# 99 chevy k2500 with mount no blade, question



## trailman282 (Jul 27, 2016)

I recently bought a 99 k2500 classic chevy that has a boss mount and what appears to be all the wiring and plug inns for a boss blade, I believe I just need a Blade and a in cab controller to be up and running.
I am in eastern New Mexico so obviously we don't normally get a lot of snow so I cant justify spending any huge amount of money. 
Any thoughts or ideas for probably a used blade? I assume it will have to be a boss blade? Prices from what Ive seen are 1000-2500 dollar range?
Thanks


----------



## John_DeereGreen (Jan 2, 2011)

That looks like a brand new or nearly new truck side to me. 

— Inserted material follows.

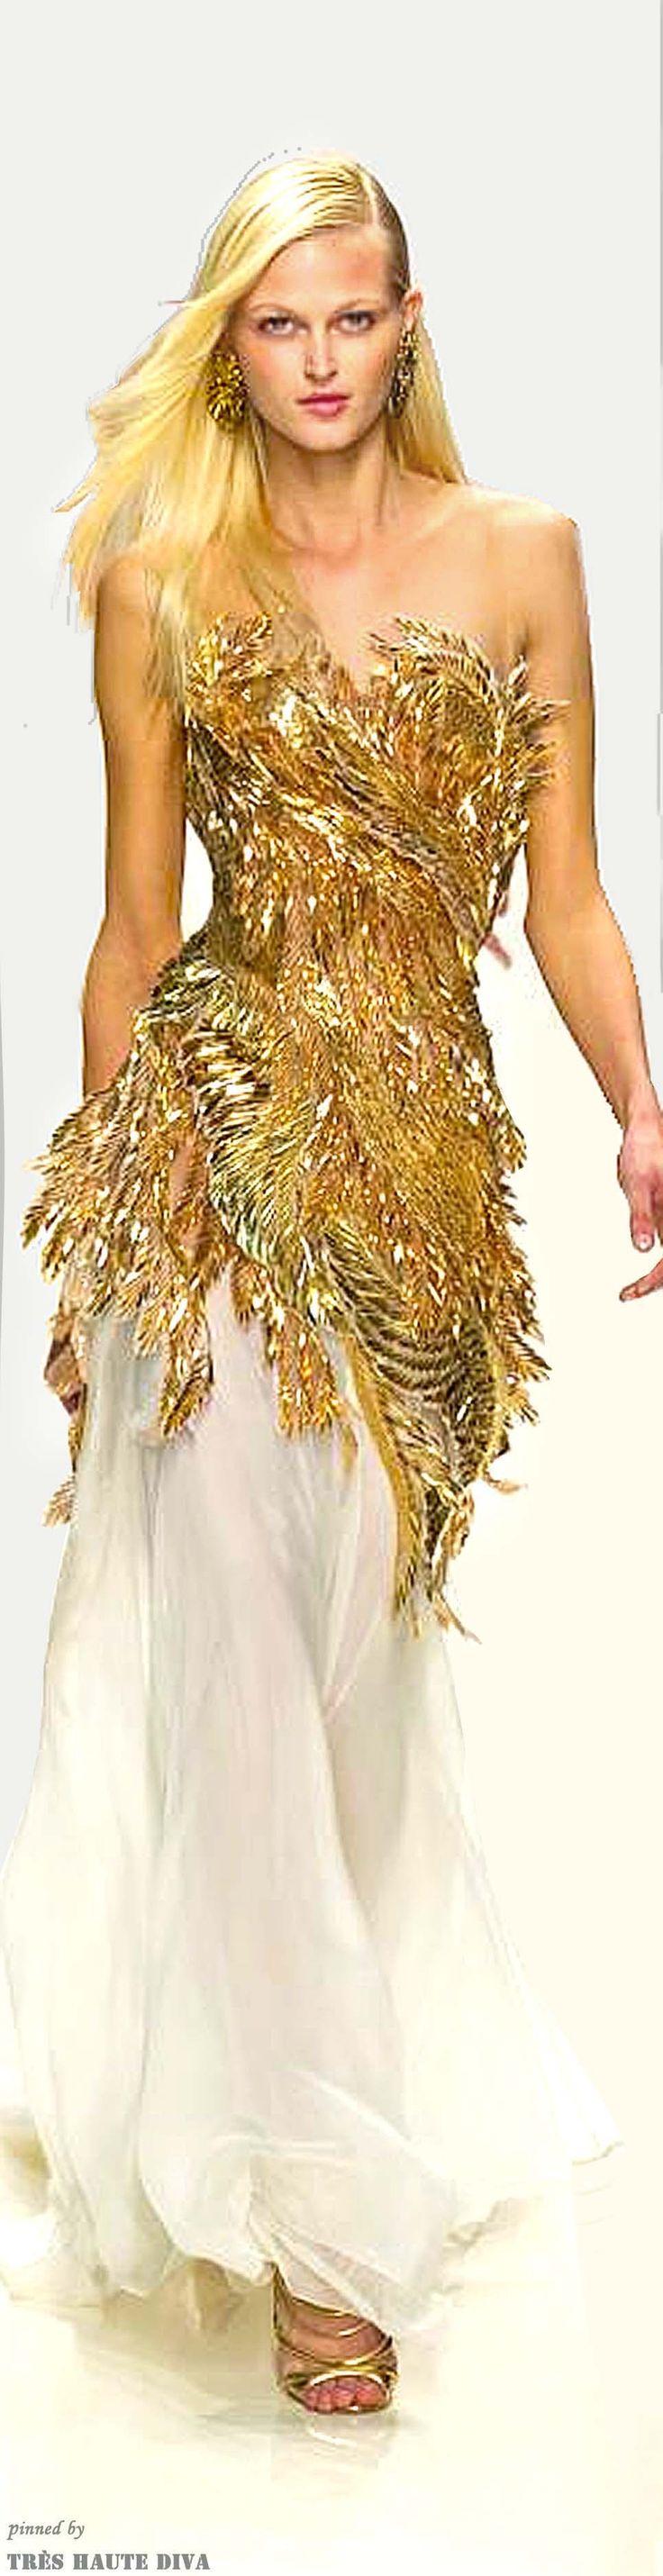 #Paris FW Valentin Yudashkin Spring 2014 Ready-to-Wear (The Gown Boutique)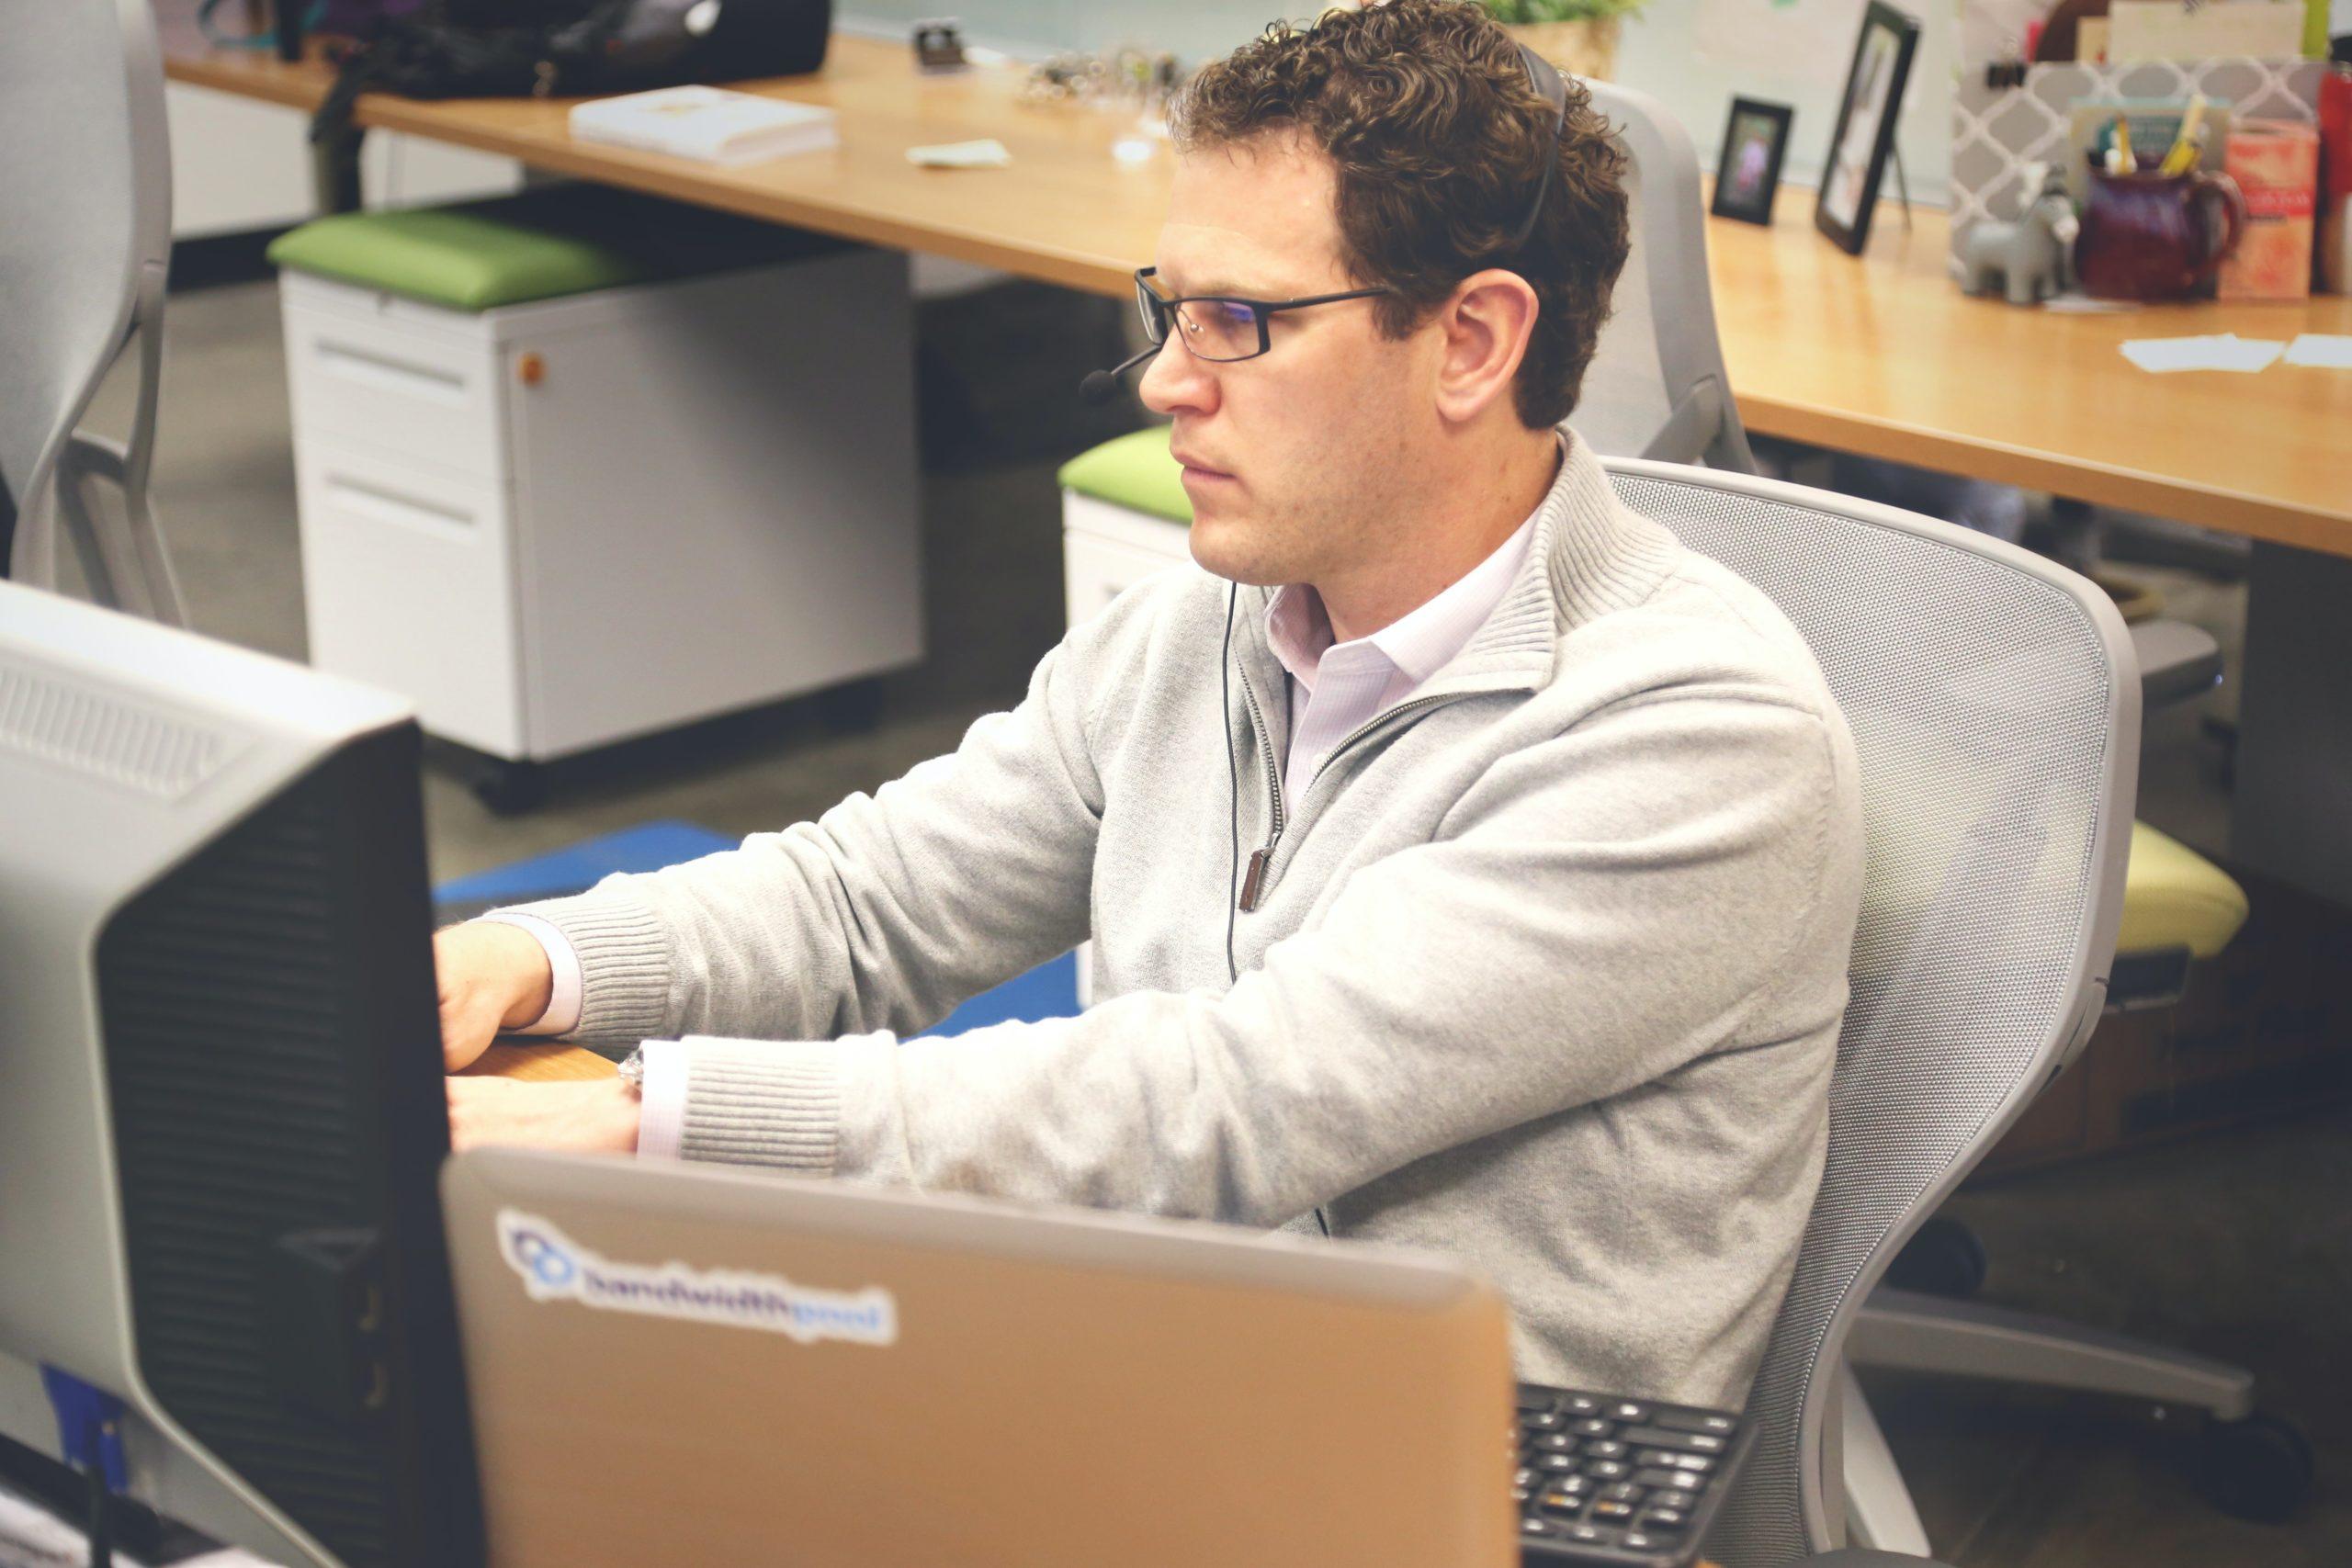 desk-office-workspace-coworking-7110

Plow and controller and you should be in business.


----------



## Randall Ave (Oct 29, 2014)

John_DeereGreen said:


> That looks like a brand new or nearly new truck side to me.
> 
> Plow and controller and you should be in business.


This, how much snow do you get a season?


----------



## trailman282 (Jul 27, 2016)

some seasons we would not get enough to use it, other years you might need it a few times. I do own a small business that has a medium size parking lot that needs to stay cleared as much as possible. 
I assume only a boss blade will work with this boss mount? Any other help or input would be very very helpful, the truck is a 99 chevy k2500 classic 4x4 350 engine with a good working tommy lift also and no rust issues, runs great 135k miles on it


----------



## John_DeereGreen (Jan 2, 2011)

Yes, you'll need to find an RT3 mount capable boss blade. I can't remember when they went from RT2 to RT3.


----------